Путешествие Александра Дюма-отца по России длилось со второй половины июня 1858 по февраль 1859 года. Официально А.Дюма приехал в Россию по приглашению известного мецената графа Г.А.Кушелева-Безбородко (1832—1870 гг.). Свое путешествие по России Дюма описал в семитомном сочинении «Впечатление о путешествии в Россию», которое печаталось впервые в еженедельнике «Монте-Кристо» в течение 1858—1862 гг. девятью выпусками по 100 страниц каждый. Книга выдержала несколько изданий на французском языке. На русский язык не переводилась. 

[ . . . ] 

Я проснулся в четыре часа утра: судно, которое, подобно почтовым лошадям, совершало один и тот же путь, приближало нас точно к Коневцу даже и без компаса. 

[ . . . ] 

Я был немного заинтригован, когда, открыл глаза, увидел сквозь бледные сумерки Севера, похожие на прозрачный туман, озеро, изощренное многочисленными черными точками. Эти точки были не что иное как головы монахов, которые сидя по горло в воде, тянули огромную сеть. 

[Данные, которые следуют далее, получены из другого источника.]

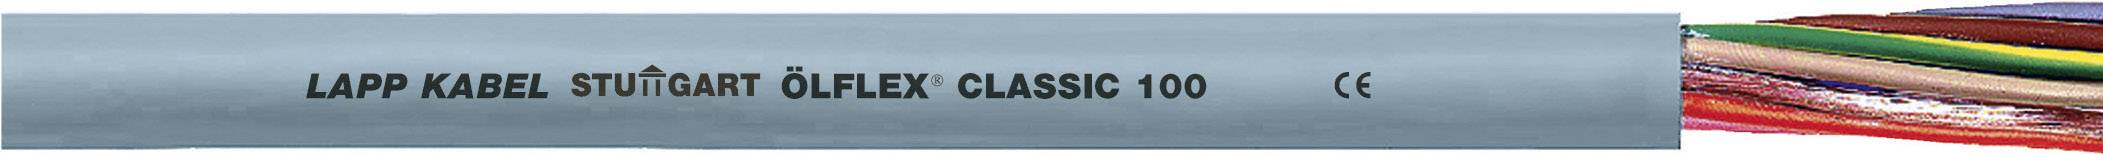 Kabel LappKabel Ölflex CLASSIC 100 5X0,75 (00101274), PVC, 6,7 mm, 500 V, šedá, 500 m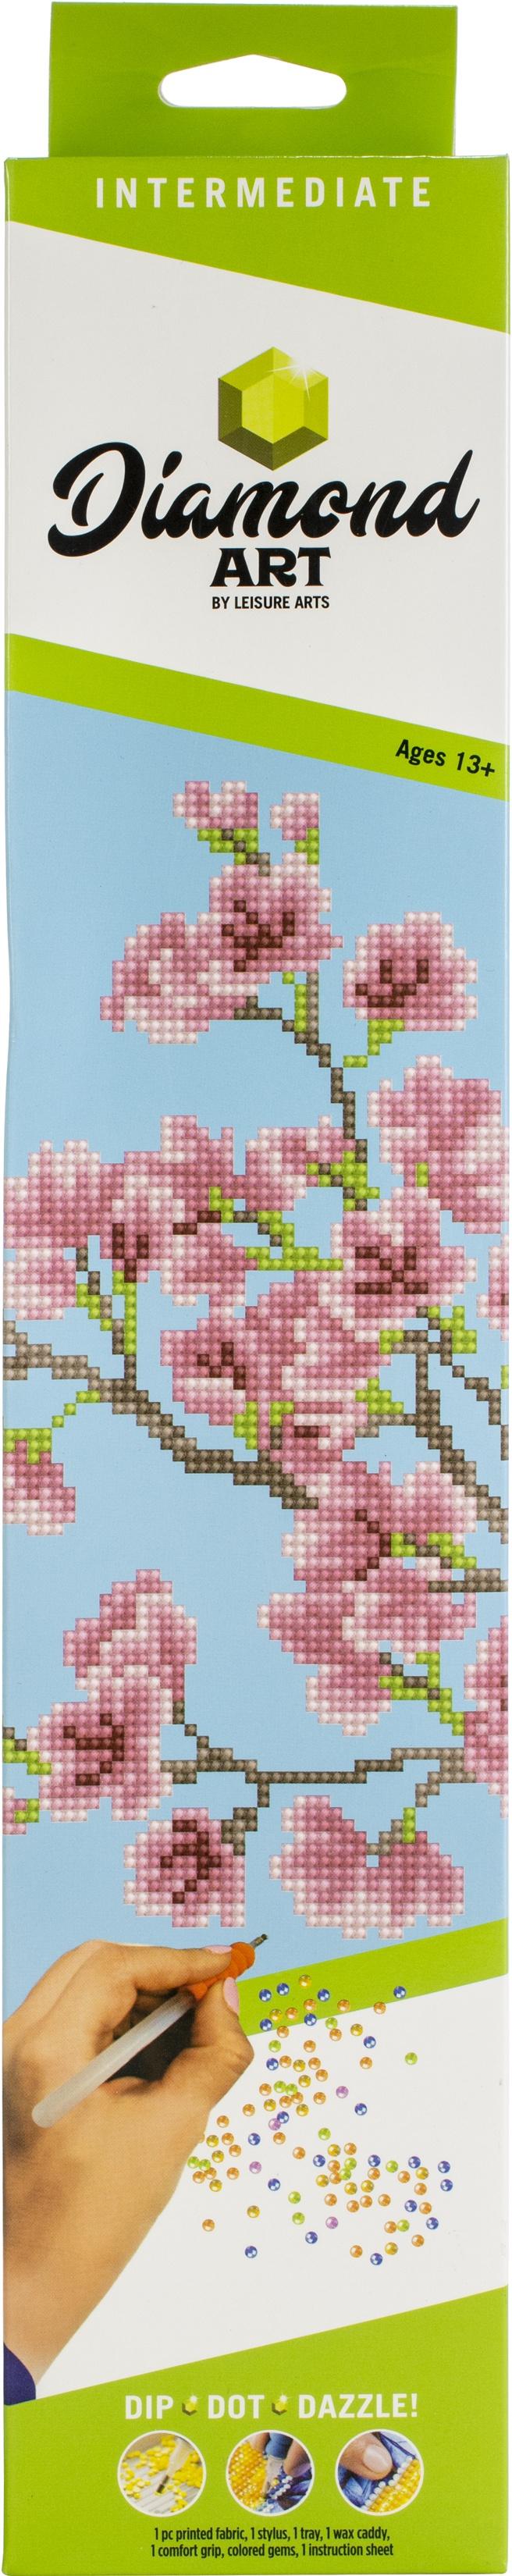 Diamond Art Kit 12x12 Intermediate CherryBlossom

Их было по меньшой мере шестьдесят человек. 

Эта ночь была как бы исключением из обычных холодных ночей, так как в воздухе парила изнуряющая и тяжелая духота. Мы были в ста шагах от берега; капитан почему-то не спешил пришвартовываться. Ничего никому не говоря, я скинул свои вещи, сложил их в угол и прыгнул через борт в озеро.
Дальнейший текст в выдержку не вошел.